Requirement:
All of the listing must be given again exactly, except that the images are dropped.

Exercise data:
- - - - - - -
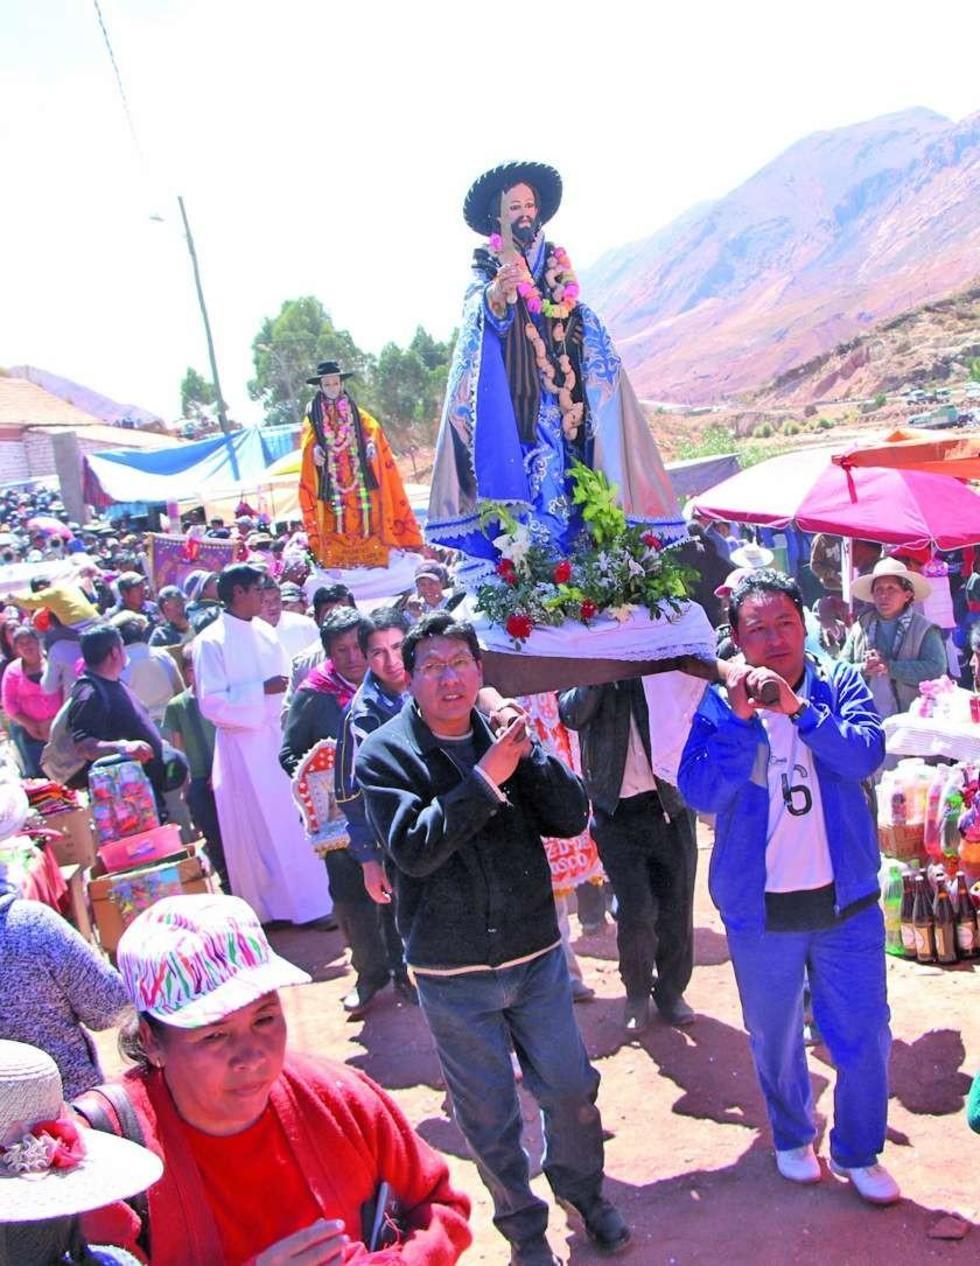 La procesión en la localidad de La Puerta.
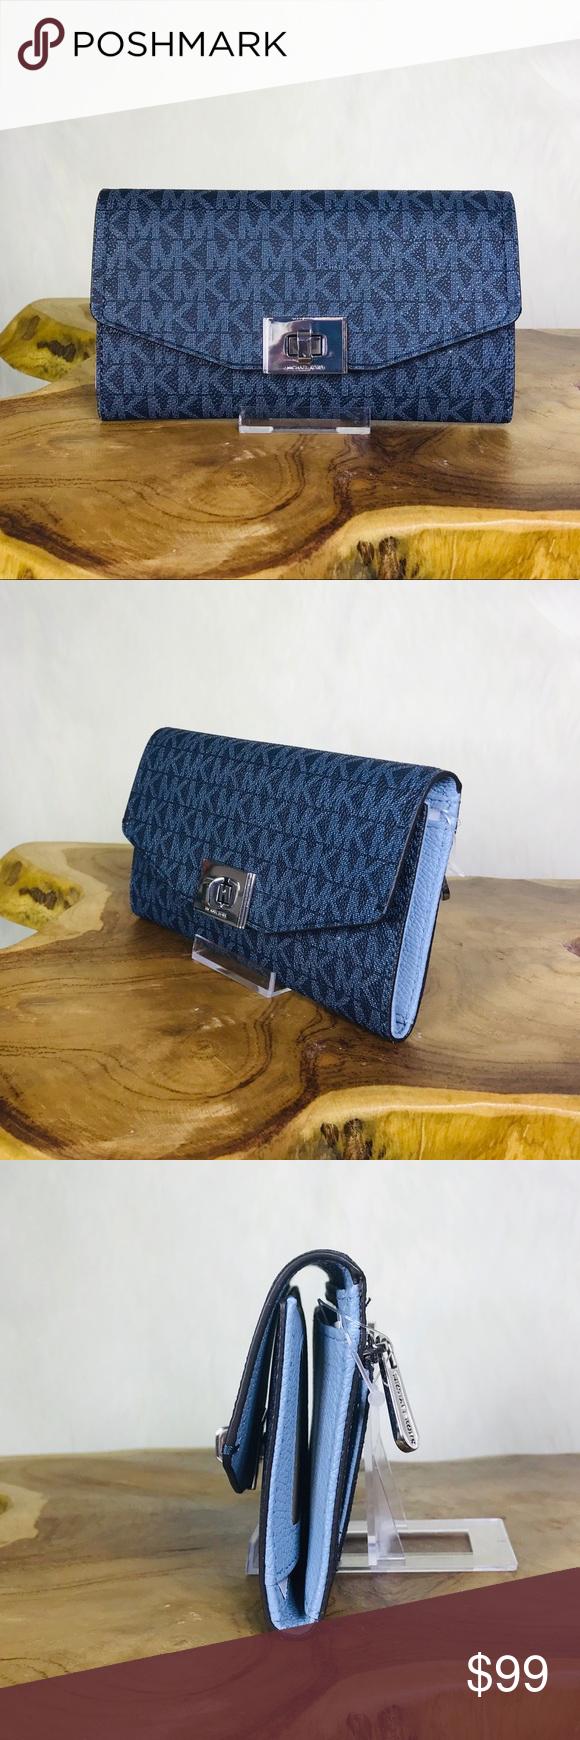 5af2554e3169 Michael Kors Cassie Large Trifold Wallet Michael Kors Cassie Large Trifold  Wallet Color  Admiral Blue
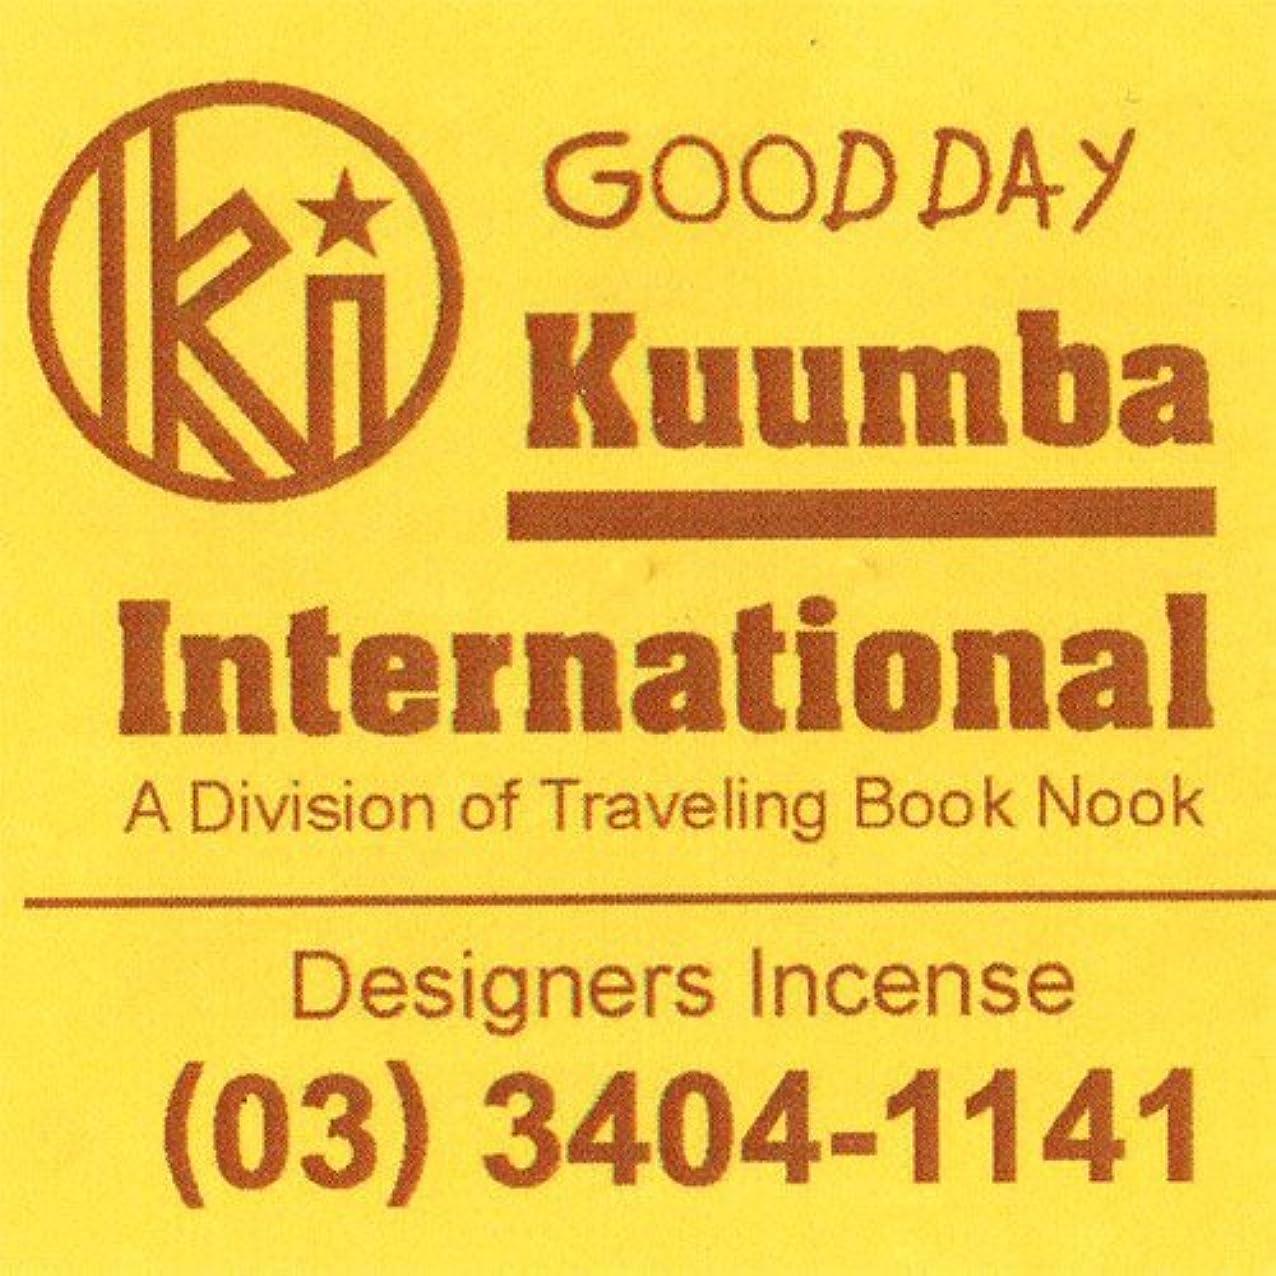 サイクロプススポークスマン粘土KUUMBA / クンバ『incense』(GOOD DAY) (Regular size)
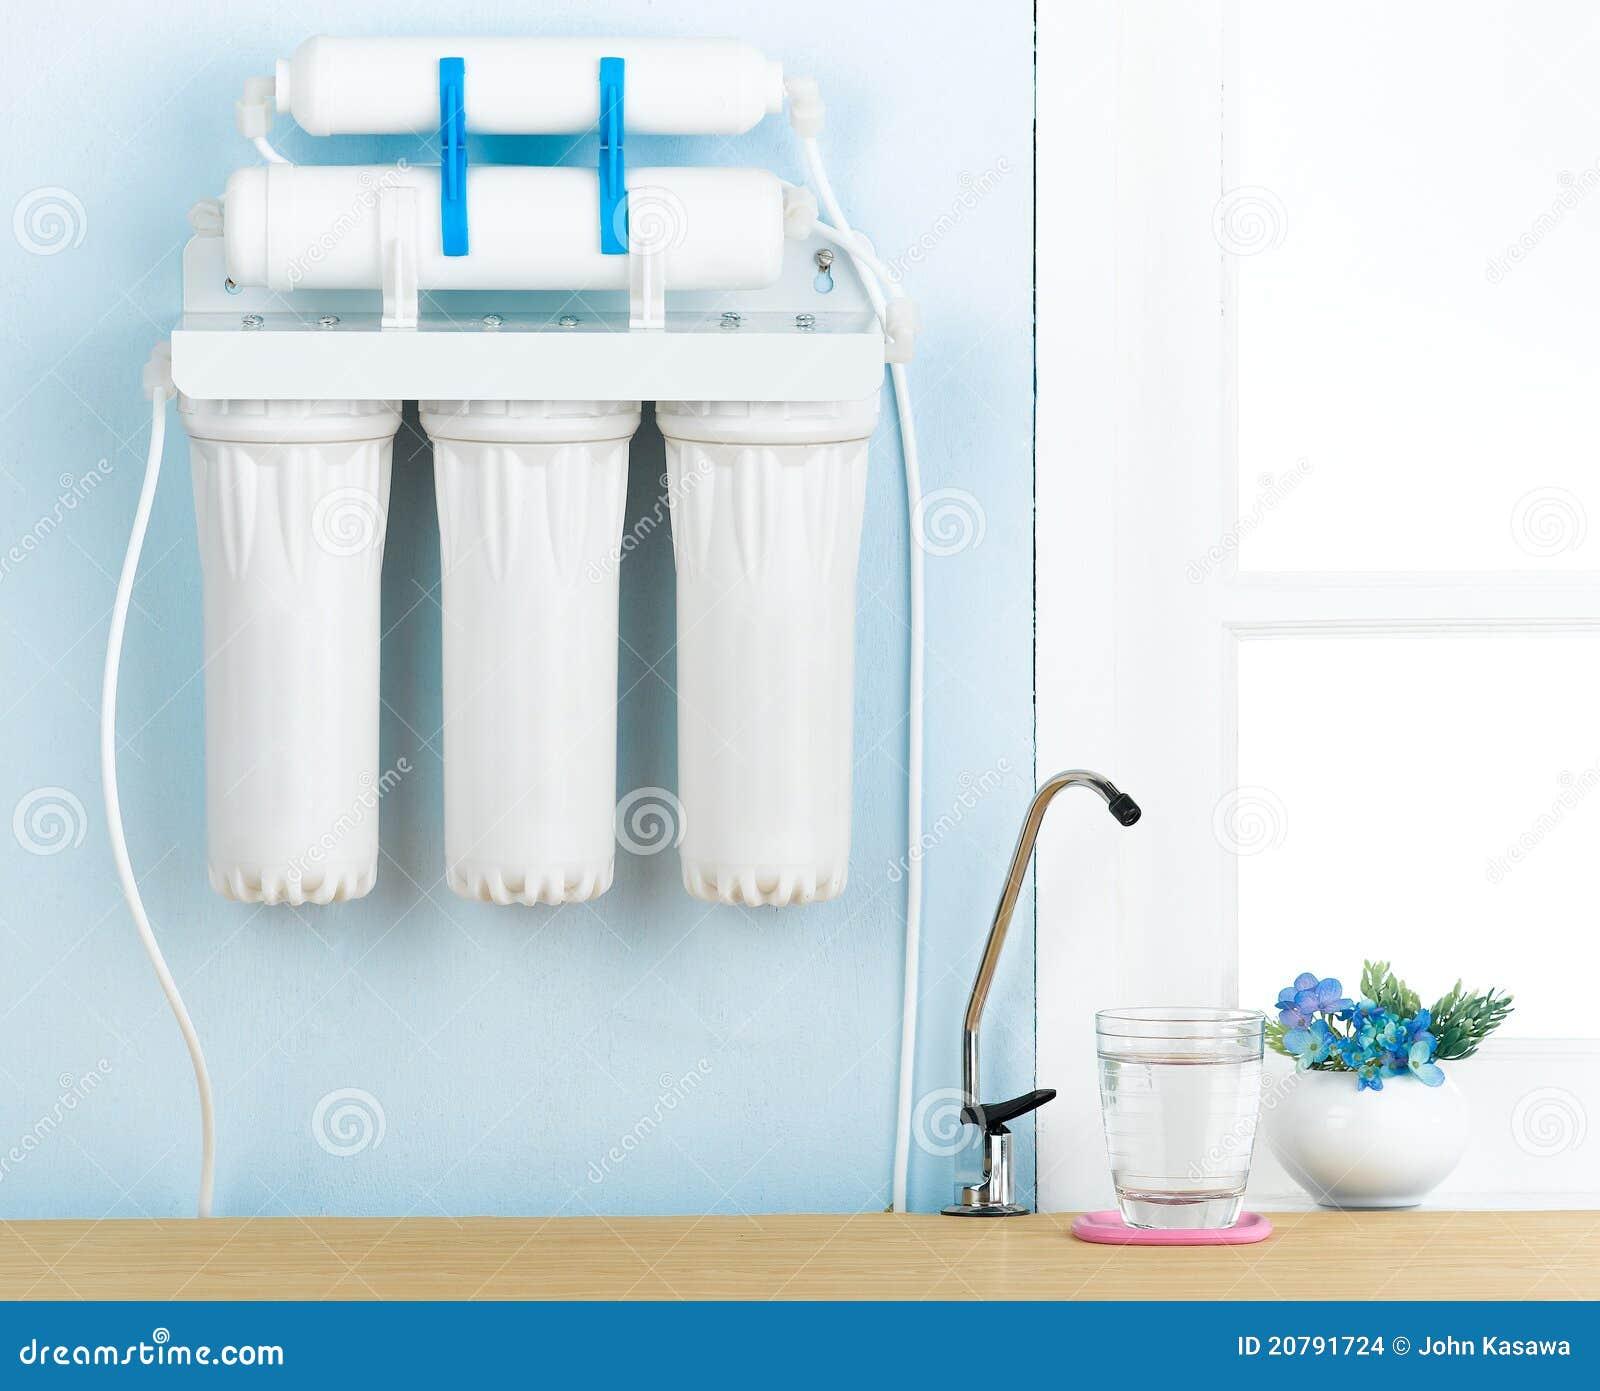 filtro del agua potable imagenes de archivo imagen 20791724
- - - - - - -
Task output:
 La procesión en la localidad de La Puerta.
 5af2554e3169 Michael Kors Cassie Large Trifold Wallet Michael Kors Cassie Large Trifold  Wallet Color  Admiral Blue
 サイクロプススポークスマン粘土KUUMBA / クンバ『incense』(GOOD DAY) (Regular size)
 filtro del agua potable imagenes de archivo imagen 20791724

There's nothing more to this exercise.